Au Groupe Investissement Responsable, on analyse des données publiques (exemples: émissions polluantes, poursuites, etc.), on demande à l’entreprise de remplir un questionnaire sur ses pratiques, on effectue des entrevues avec la direction et on demande un rapport indépendant. «On subventionne des enquêtes sur le terrain, dit François Rebello. Mais ça coûte très cher.» Tous les gestionnaires ne peuvent en faire autant. Certains fonds ont un faible actif sous gestion et doivent, pour demeurer concurrentiels, minimiser leurs frais .

Les fonds éthiques ne sont pas la panacée. Gestion FERIQUE, qui gère les fonds communs de placement de l’Ordre des ingénieurs du Québec, l’a constaté après avoir envisagé d’en lancer un l’an dernier. «On trouve plus ou moins les mêmes entreprises dans le top 10 du S&P/TSX et dans celui des fonds éthiques d’actions canadiennes, dit Fabienne Lacoste, directrice générale de Gestion FERIQUE. À quoi bon créer un nouveau fonds similaire à celui qu’on offre déjà?» Les portefeuilles d’actions américaines ou internationales des fonds éthiques diffèrent davantage, puisque le choix d’entreprises est plus grand que sur le marché boursier canadien.

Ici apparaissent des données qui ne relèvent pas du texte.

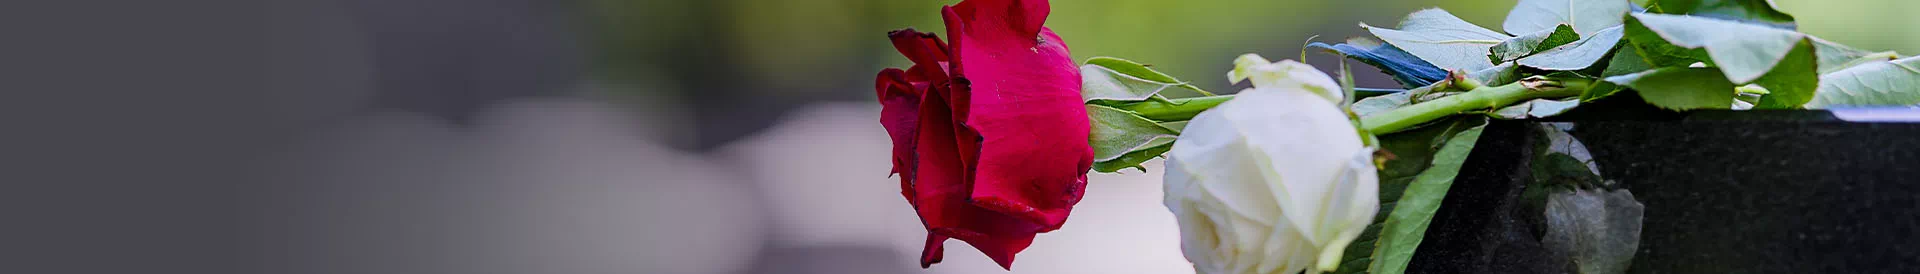 Czerwona oraz biała róża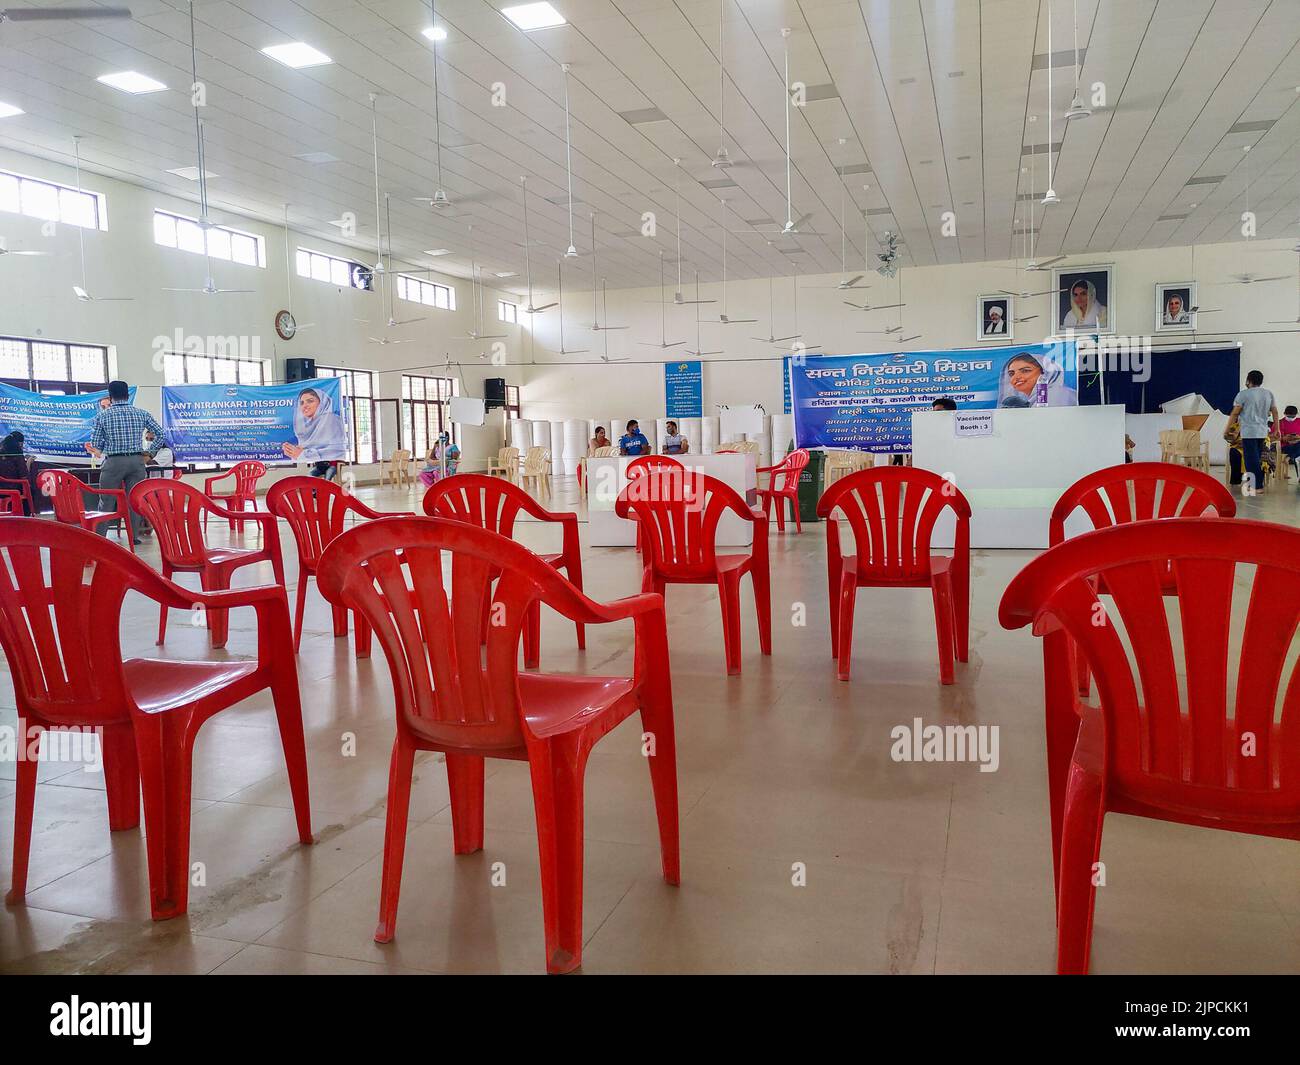 Juni 24. 2021 Dehradun Indien. Die Impfkampagne gegen den Corona-Virus findet statt, wobei Stühle und Menschen die soziale Distanz aufrechterhalten. Stockfoto

Comme d’autres fonds institutionnels, Gestion FERIQUE a plutôt choisi d’utiliser son pouvoir d’actionnaire pour encourager la responsabilité sociale des entreprises. Depuis avril 2006, le Groupe Investissement Responsable exerce les droits de vote des Fonds FERIQUE lors des assemblées annuelles.

Chantal-Line Carpentier, elle, ne compte pas abandonner son club, Actions responsables, pour un fonds éthique. De 2003 à 2005, la valeur d’une part de 50 dollars est passée à 82,25 dollars. La stratégie du club? Investir dans WholeFoods (chaîne de supermarchés bio), Boralex (énergie renouvelable), Canadien Pacifique, l’Association canadienne de l’hydroélectricité et Green Mountain Coffee (café équitable et biologique). Et offrir des prêts à faible taux d’intérêt à des particuliers ou à des organismes communautaires. Grâce au club, un petit agriculteur biologique a pu se payer un nouveau tracteur!